# [TASK INSTRUCTIONS]
Repeat the span of the entries below that starts at the line with "Always unique pieces" and ends at the line with "This ceramic and", nothing more. Skip the pictures.

# [AVAILABLE DATA]
************
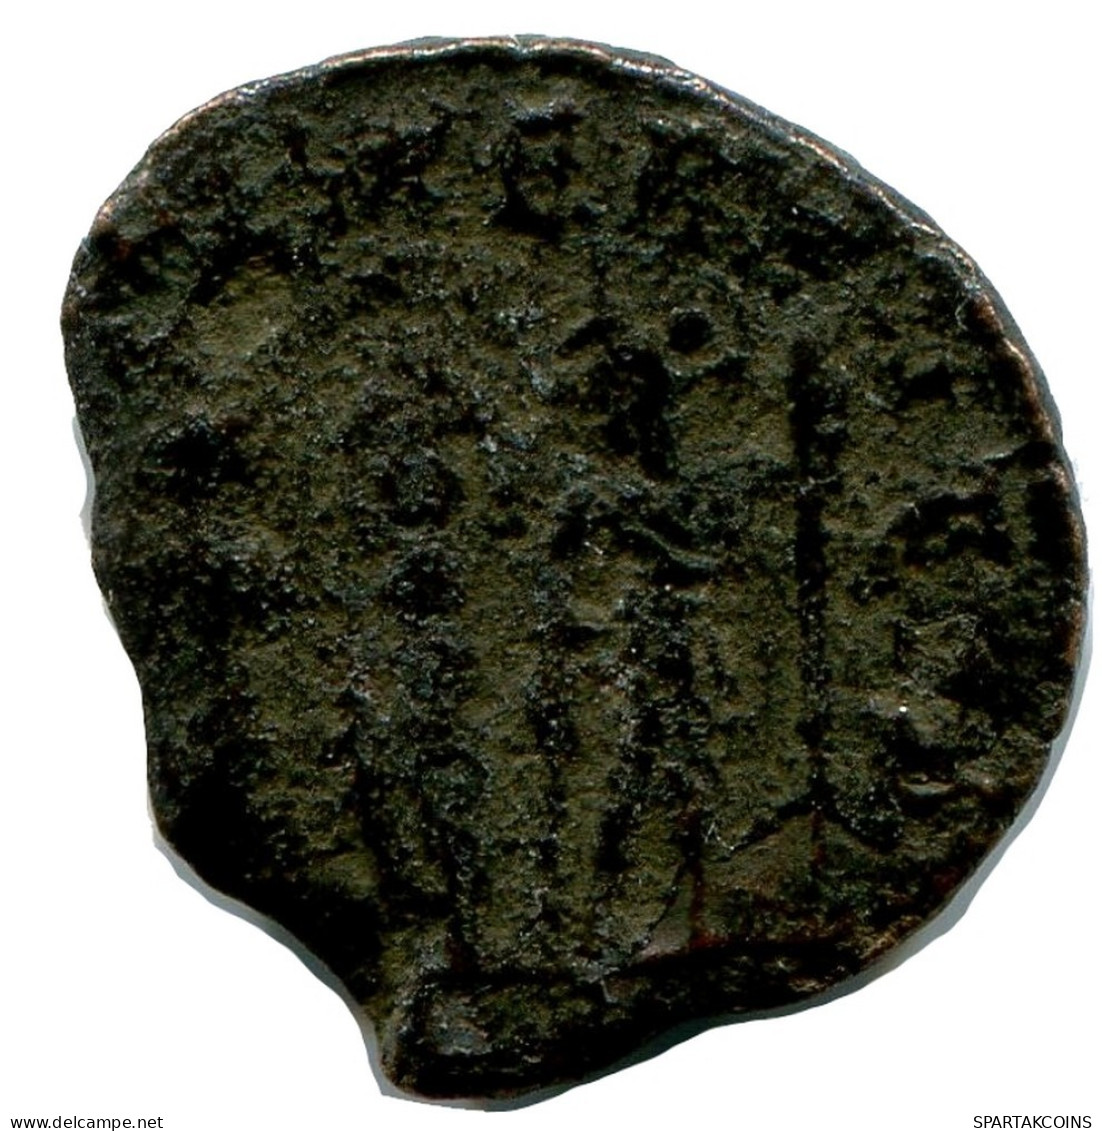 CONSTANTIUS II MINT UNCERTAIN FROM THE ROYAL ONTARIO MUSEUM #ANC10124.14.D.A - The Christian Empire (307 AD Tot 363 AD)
************
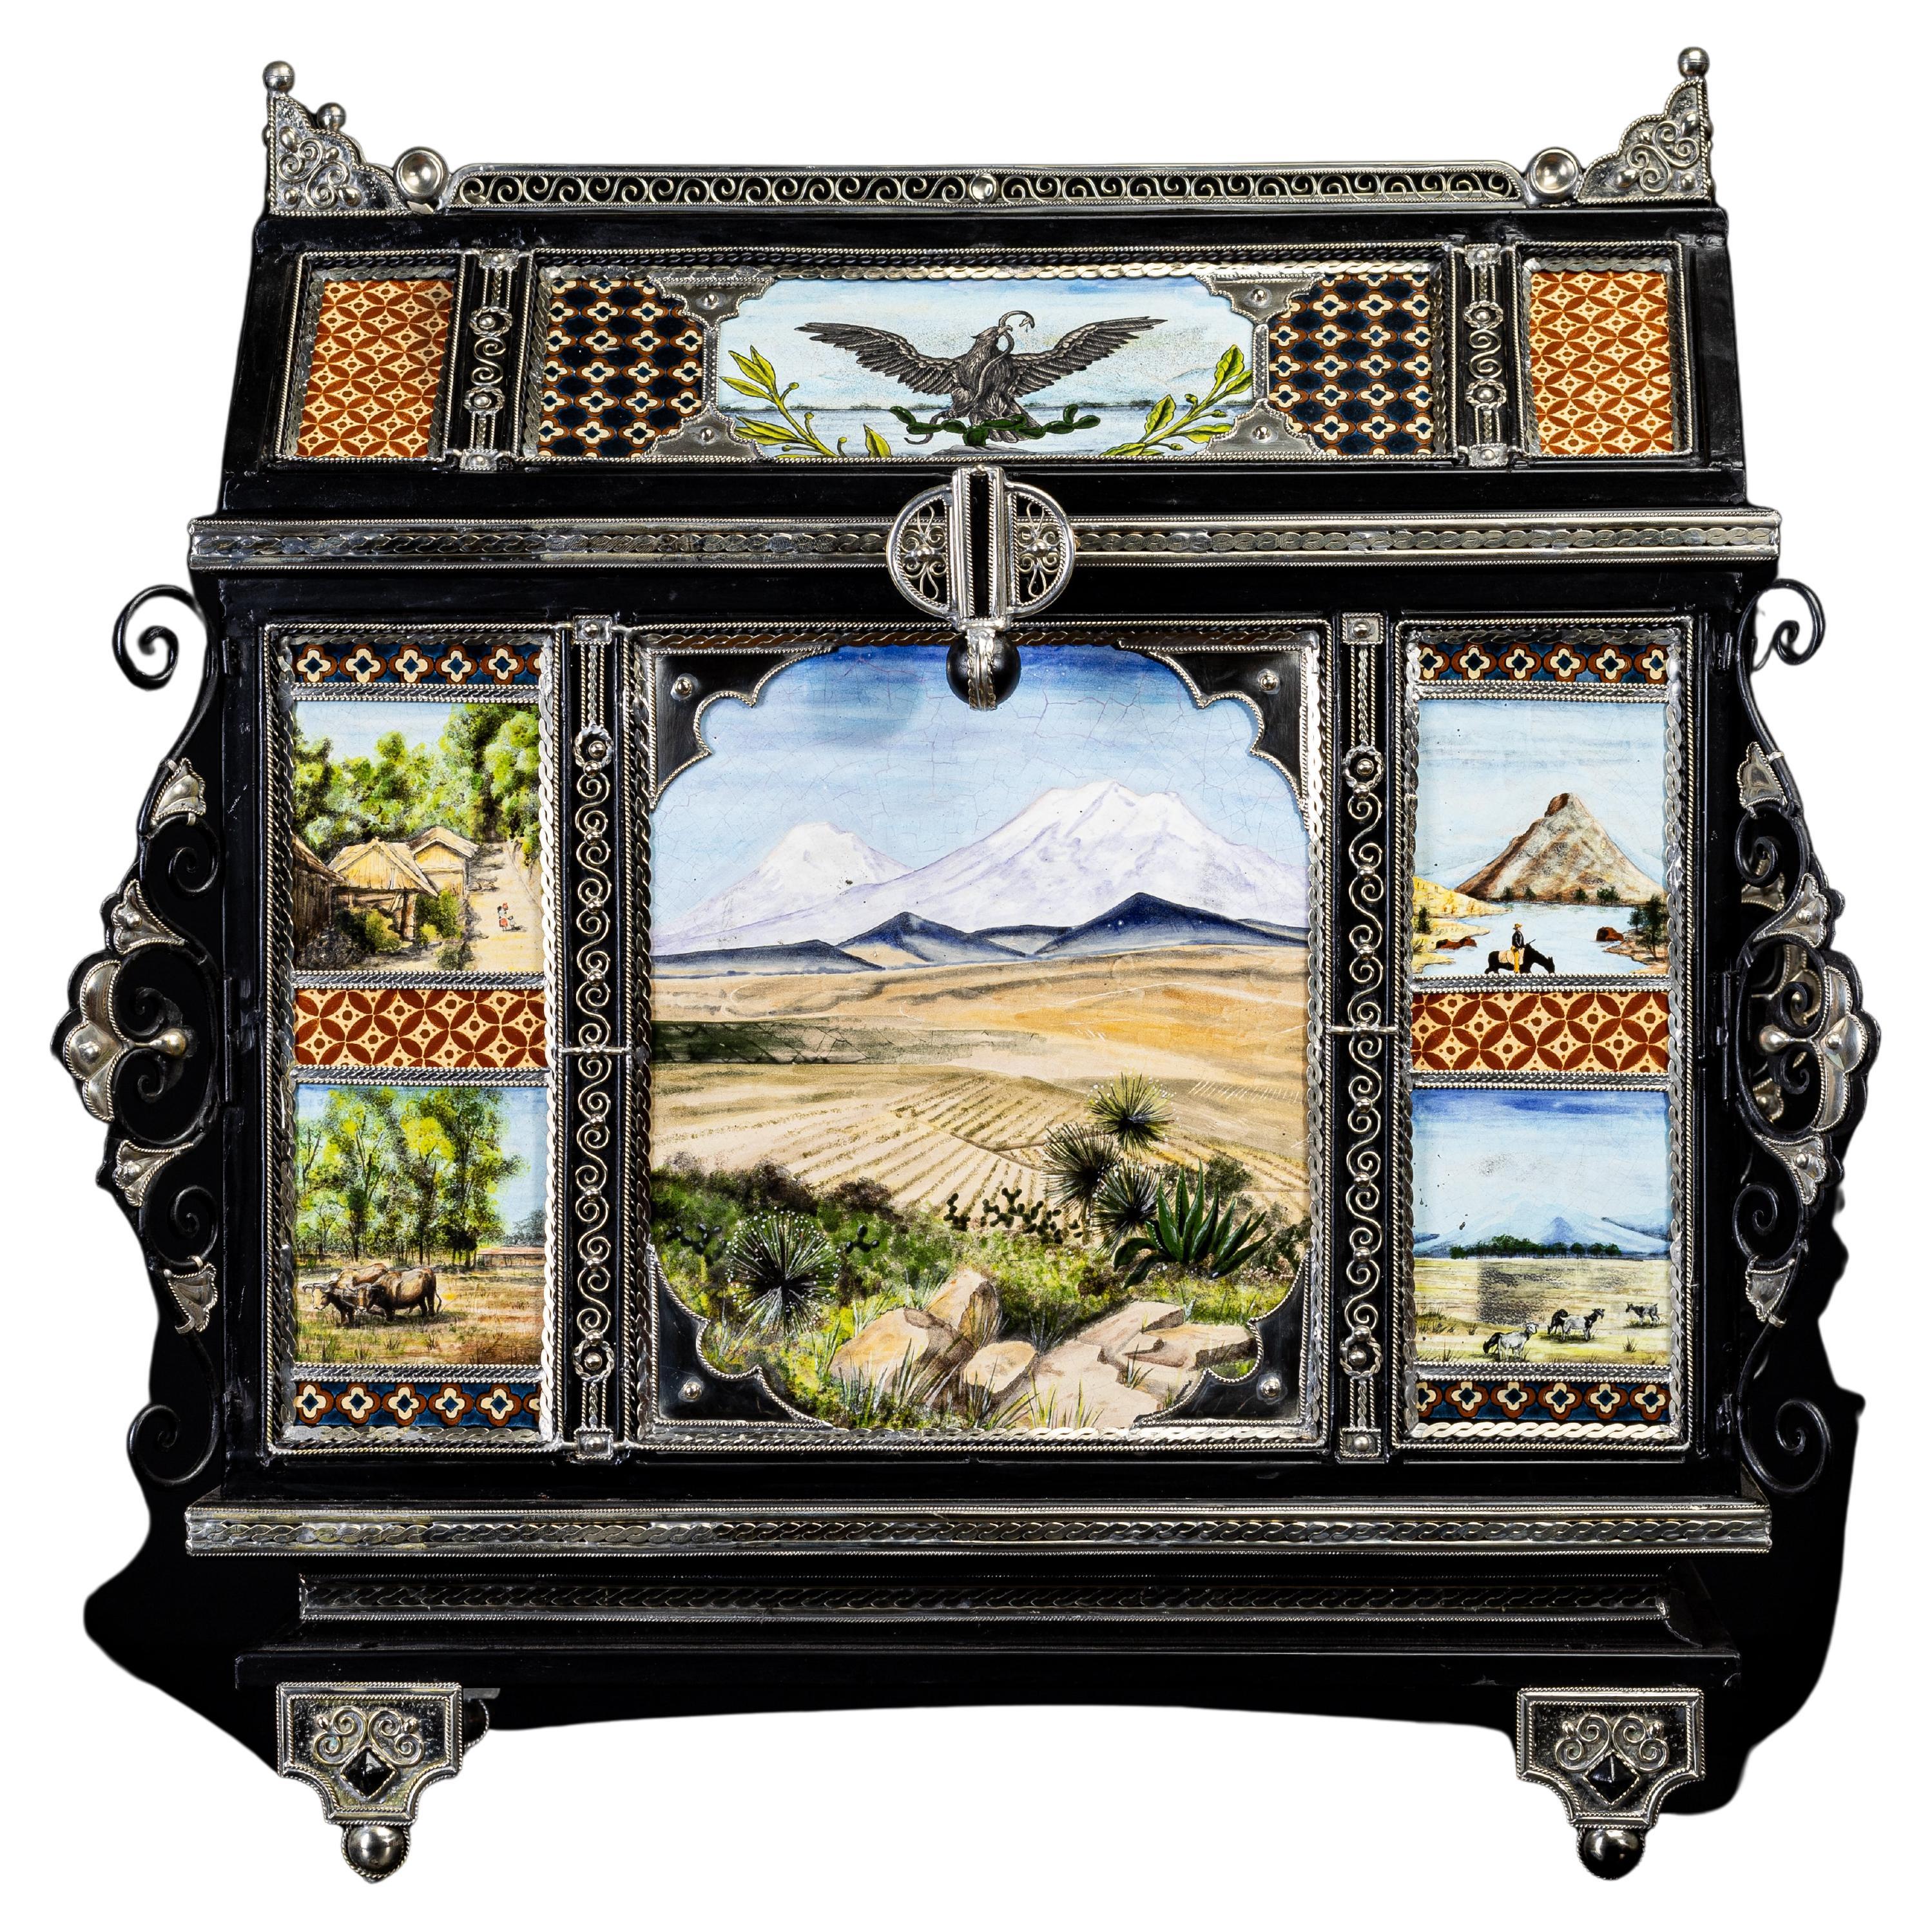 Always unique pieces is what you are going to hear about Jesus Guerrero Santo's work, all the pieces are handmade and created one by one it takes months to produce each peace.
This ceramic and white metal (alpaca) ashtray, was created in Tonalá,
************
# [ANSWER AREA]
 Always unique pieces is what you are going to hear about Jesus Guerrero Santo's work, all the pieces are handmade and created one by one it takes months to produce each peace.
This ceramic and white metal (alpaca) ashtray, was created in Tonalá,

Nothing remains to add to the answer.